NEW YORK (Reuters) -Bob Menendez sold his power for money and gold to help Egypt’s government and businessmen who showered the once-powerful senator and his wife with bribes, a prosecutor said on Monday in his closing argument at Menendez’s corruption trial.

Over more than seven weeks of testimony, federal prosecutors sought to persuade a jury that Menendez accepted hundreds of thousands of dollars of bribes in the form of gold bars, cash, and car and mortgage payments.

In exchange, prosecutors said the New Jersey Democrat sought to help Egypt secure billions of dollars in U.S. military assistance and aid the business and legal interests of New Jersery businessmen Fred Daibes, Wael Hana and Jose Uribe.

“It wasn’t enough for him to be one of the most powerful people in Washington,” prosecutor Paul Monteleoni said in his closing argument in Manhattan federal court. “He also wanted to pile up riches for himself and his wife.”

At the trial, jurors saw gold bars federal agents seized from Menendez’s home. The agents also found more than $480,000 of cash, including some stuffed in envelopes inside a jacket bearing the senator’s name.

Menendez, 70, has pleaded not guilty to 16 criminal charges including bribery, fraud, acting as a foreign agent and obstruction. His lawyers have sought to shift the blame toward his wife, Nadine Menendez, who prosecutors say he used as a go-between for the bribes.

Nadine Menendez has also pleaded not guilty and will be tried separately starting in August.

The case has likely ended the three-term senator’s political career. Bob Menendez resigned as chair of the Senate’s influential foreign relations committee after being charged in September. He is running for re-election of his seat in November as an independent, but is considered a long shot.

At the outset of a closing argument expected to last five hours, Monteleoni said Bob Menendez sought to benefit Hana and Egyptian officials with whom he was close after Hana put Nadine Menendez on his payroll in a “sham job” that paid her $10,000 per month.

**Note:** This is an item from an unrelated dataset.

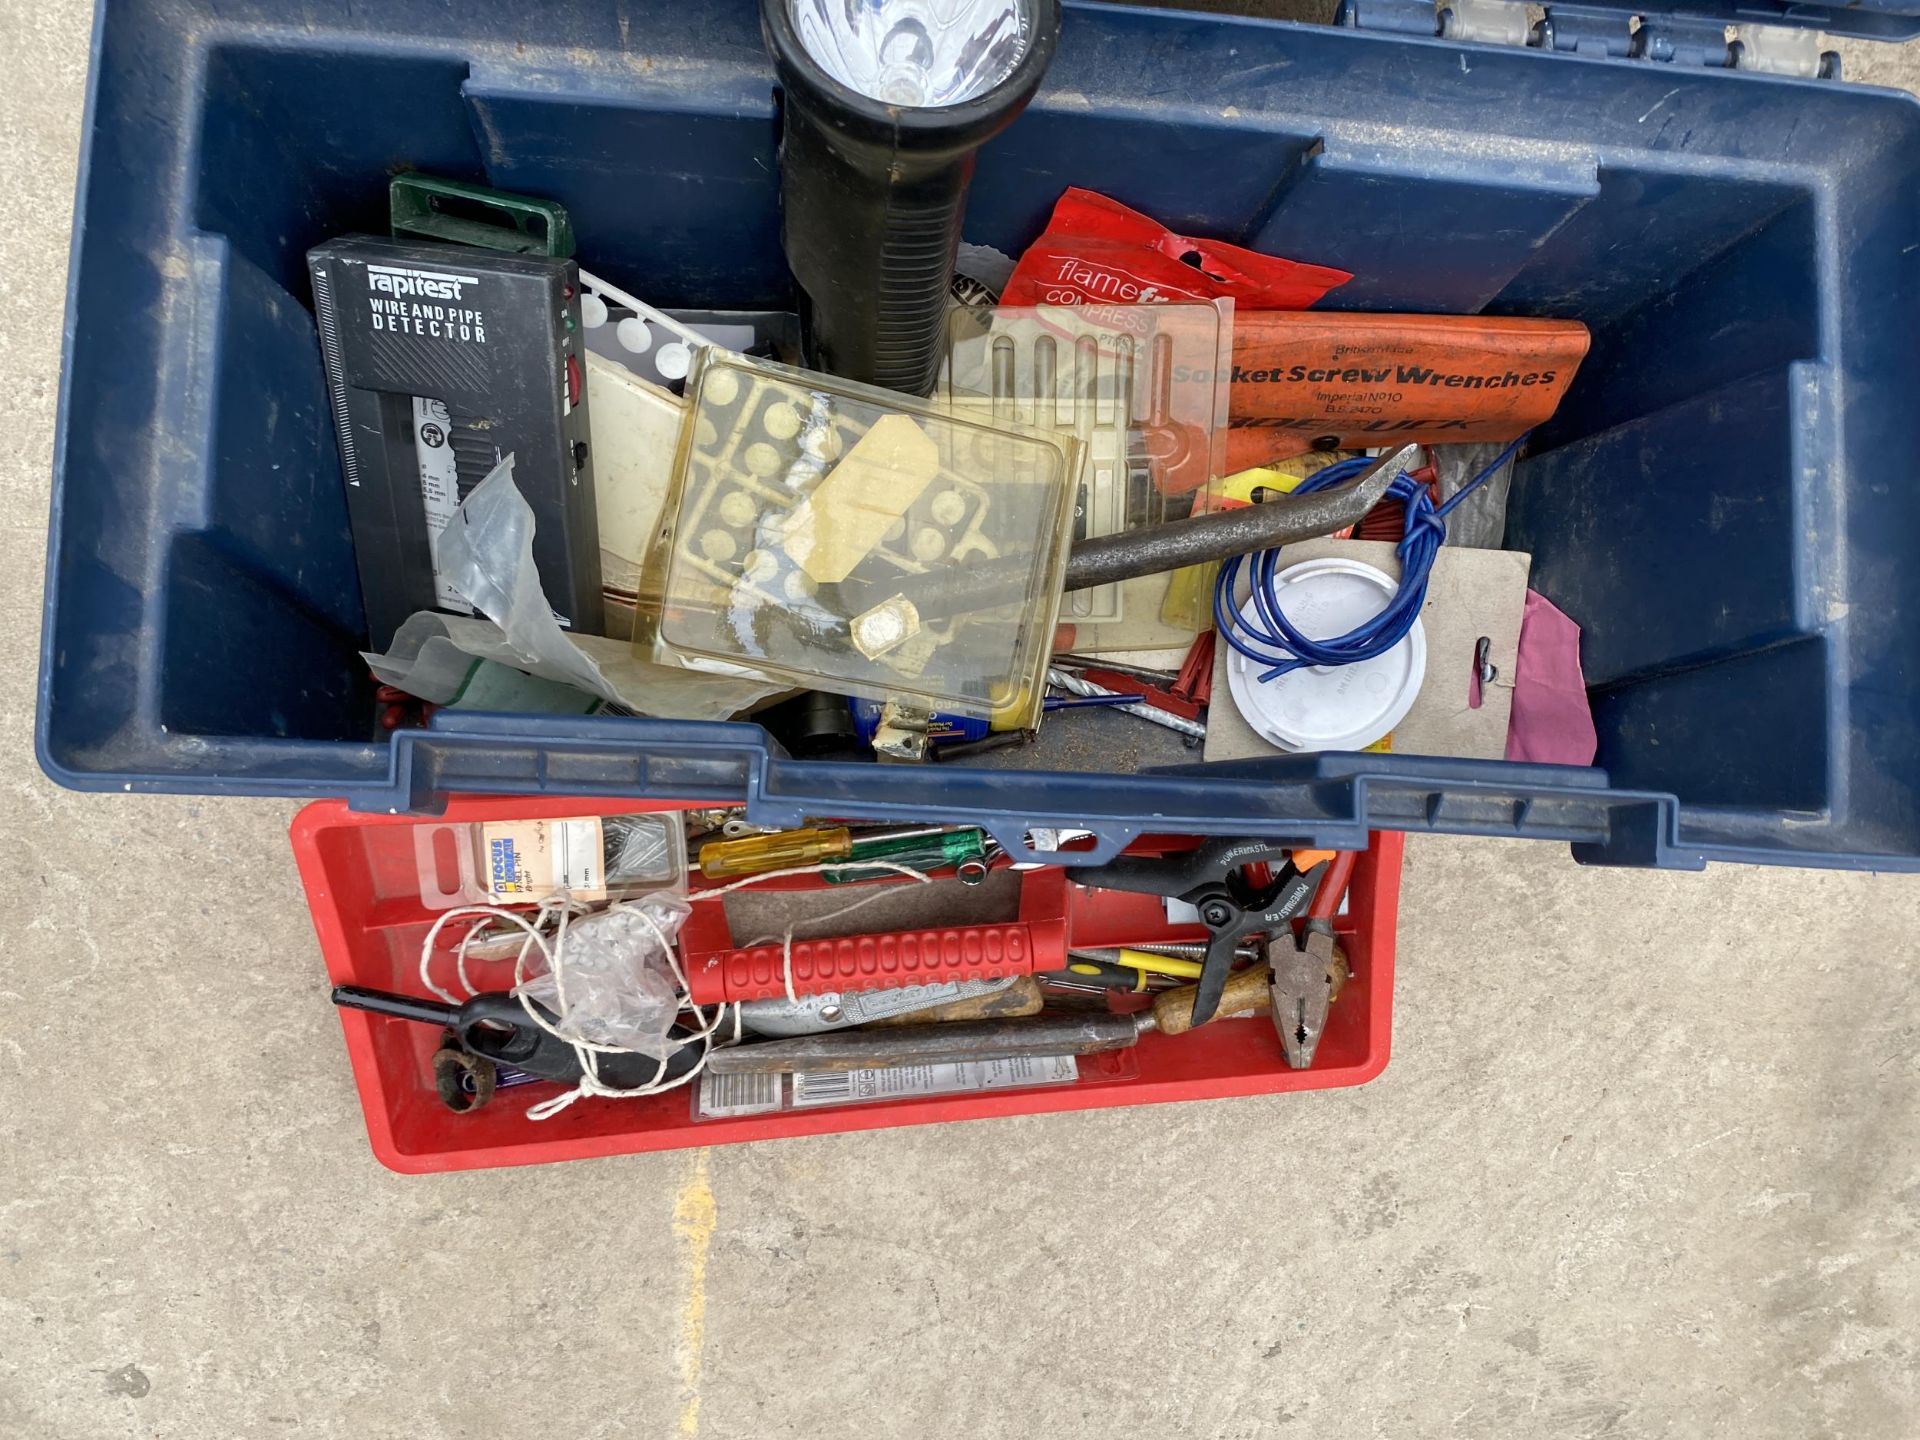 TWO PLASTIC TOOL BOXES CONTAINING AN ASSORTMENT OF TOOLS AND HARDWARE - Image 3 of 4

Bob Menendez ghostwrote a letter for Egyptian officials to respond to concerns a fellow senator had raised about the country’s human rights record, and pressed a U.S. Department of Agriculture official to stop scrutinizing a deal prosecutors say Egypt’s government granted Hana’s company to certify halal meat.

“When Menendez hears Nadine is going to get paid, he springs into action again and again,” Monteleoni said. “He sold all of that trust and all of that power for the benefit of Hana and of Egypt for money and for gold.”

Hana and fellow New Jersey businessman Fred Daibes are on trial alongside Menendez and have pleaded not guilty. Both men also provided Menendez with gold bars, Montelioni said.

Uribe, an insurance broker, pleaded guilty to bribing Bob Menendez and cooperated with the government. He testified last month that he bought Nadine Menendez a $60,000 Mercedes-Benz in exchange for her husband leaning on state prosecutors to lay off criminal probes into Uribe’s associates.

Monteleoni told jurors that the day after Uribe texted Nadine Menendez asking her not to forget about him, Bob Menendez called the former New Jersey attorney general to inquire about the investigations.

“Actions speak louder than words, and Menendez’s actions are shouting from the rooftops,” Monteleoni said.

Monteleoni’s closing argument is expected to resume on Tuesday. Defense closing arguments will follow before the jury begins its deliberations.